Relative to Compliance Documents, there are several items that should be reviewed and approved by the CEO/Executive Director as part of each monthly financial close. Trying to gather these documents and the required signatures at the end of each year is not only stressful, but it is also noncompliant as it defeats the purpose of regular review by organization leadership. Examples of Compliance Documents for regular review and approval include:

  • Bank Statements and Reconciliations
  • Investment Account Reconciliations
  • Journal Entries
  • Payroll Summaries
  1. Creating a monthly close checklist and workbook

Following a monthly close checklist will help to ensure steps are taken on a regular basis throughout the year to help prepare for the audit, including saving pertinent documentation, reviewing and approving Compliance Documents, and making the required monthly journal entries. A monthly close workbook should include many of the schedules that will be required for the annual audit. Updating and reconciling these schedules monthly will save considerable staff time when the annual audit rolls around.

  1. External periodic financial statement reviews

Not all nonprofits can afford to deliver on their mission and employ the level of accounting expertise required for their organization. In this situation an external periodic review performed by a reputable accounting firm specializing in nonprofits is typically a low-cost investment and can be extremely valuable.
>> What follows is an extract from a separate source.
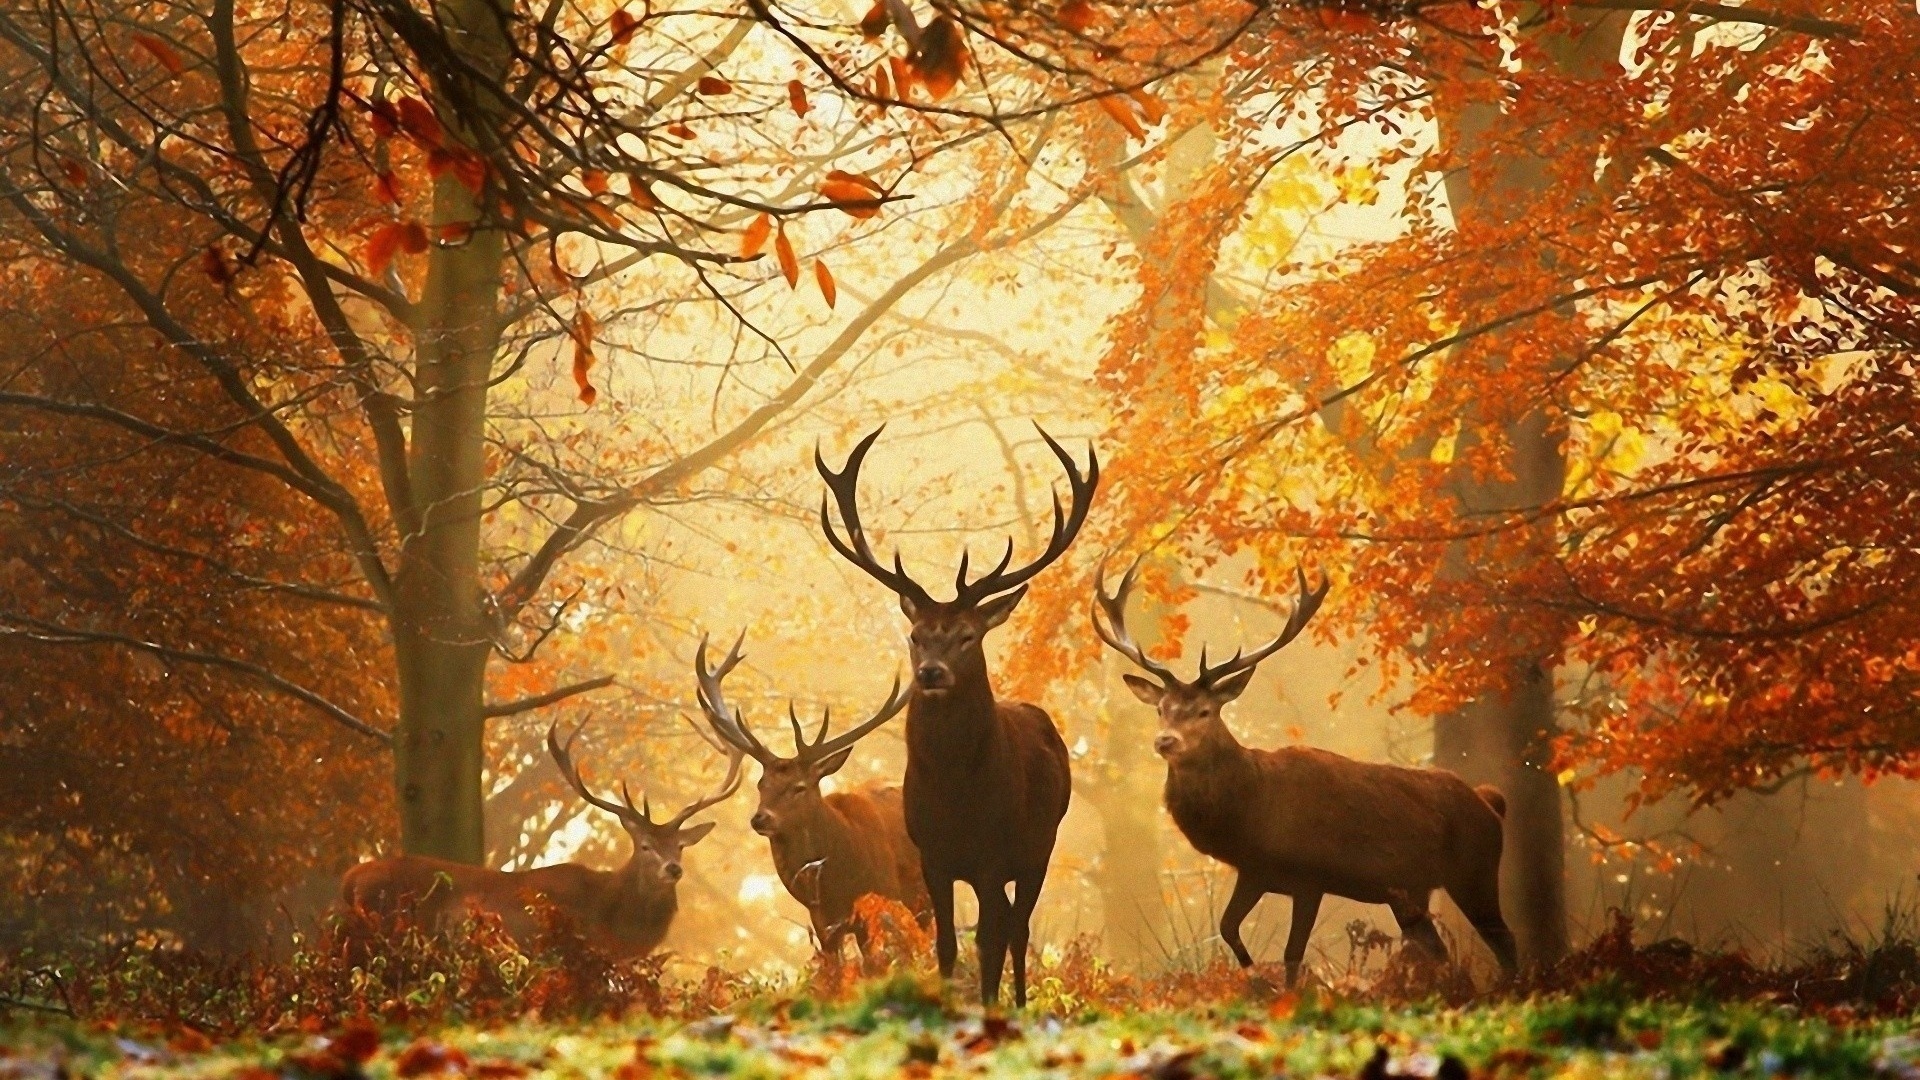 You Can Wild Deer Animal Desktop Wallpaper In Your Puter
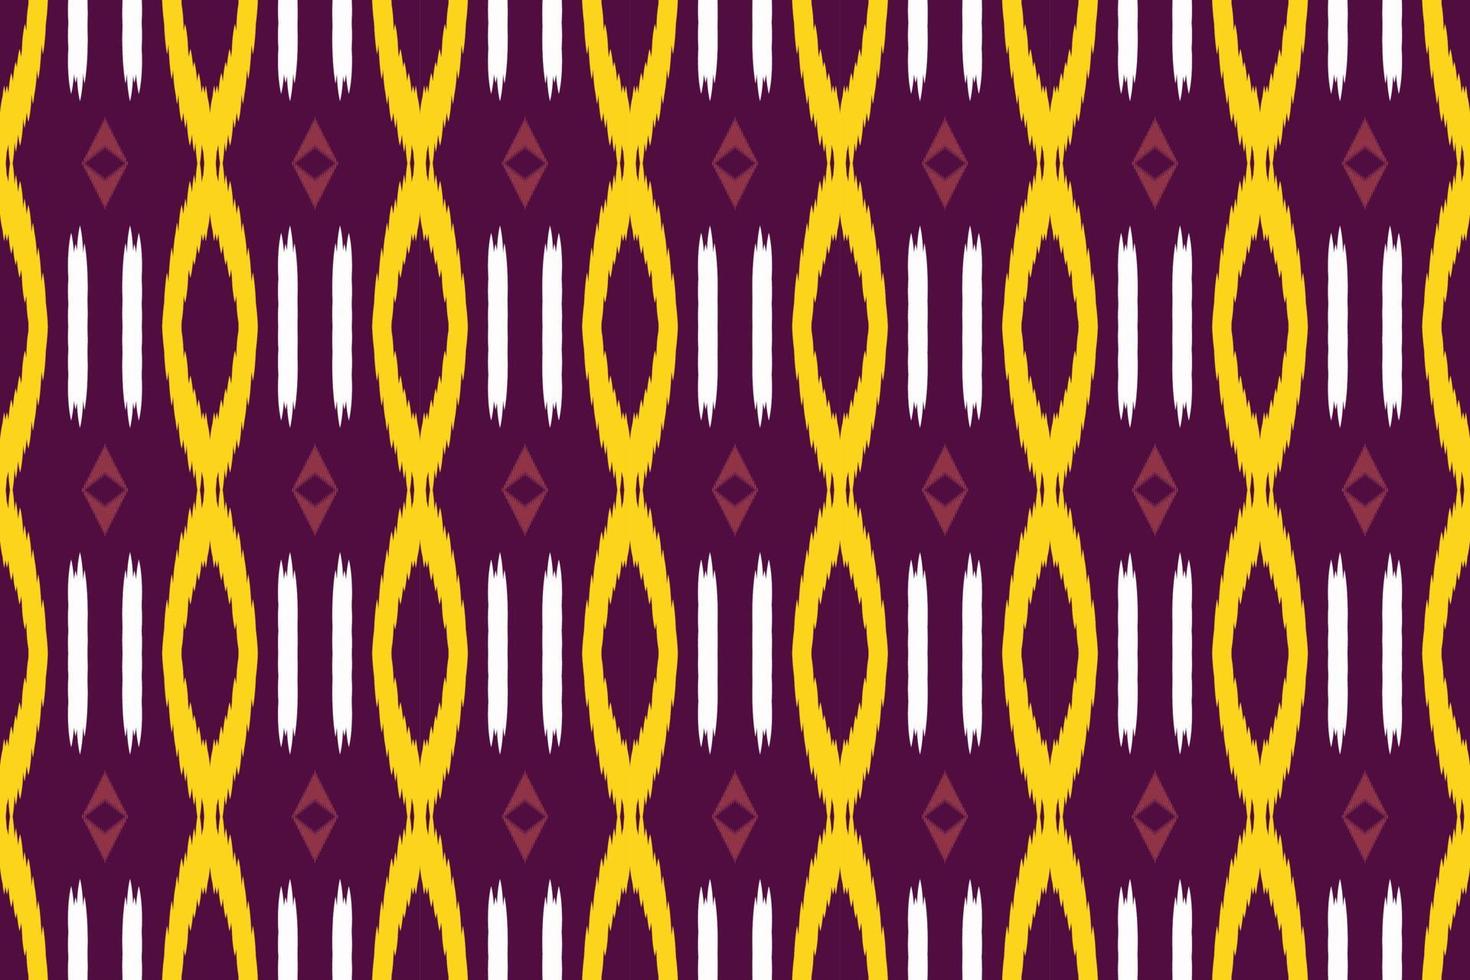 ikat diamante fundos tribais bornéu batik escandinavo textura boêmia design de vetor digital para impressão saree kurti tecido pincel símbolos amostras

  • A quarterly review, for example, may require only 2–3 hours of the reviewer’s time making the process very affordable for the nonprofit.
  • The reviewer will identify red flags in the accounting file before they become significant and costly problems.
  • The reviewer can train internal accounting staff as needed to ensure that mistakes are minimized in the future.
  • If desired, the reviewer’s firm can provide higher level advice, as little or as much as needed, at the client’s request. This could include guidance on proper revenue recognition or assistance with the development of the optimal chart of accounts for the nonprofit.

There is no reason to lose sleep over your annual audit if reasonable efforts to prepare for the audit are consistently executed throughout the year.  Internal planning and procedure development and/or assistance from an external reviewer will reduce anxiety during your audit season.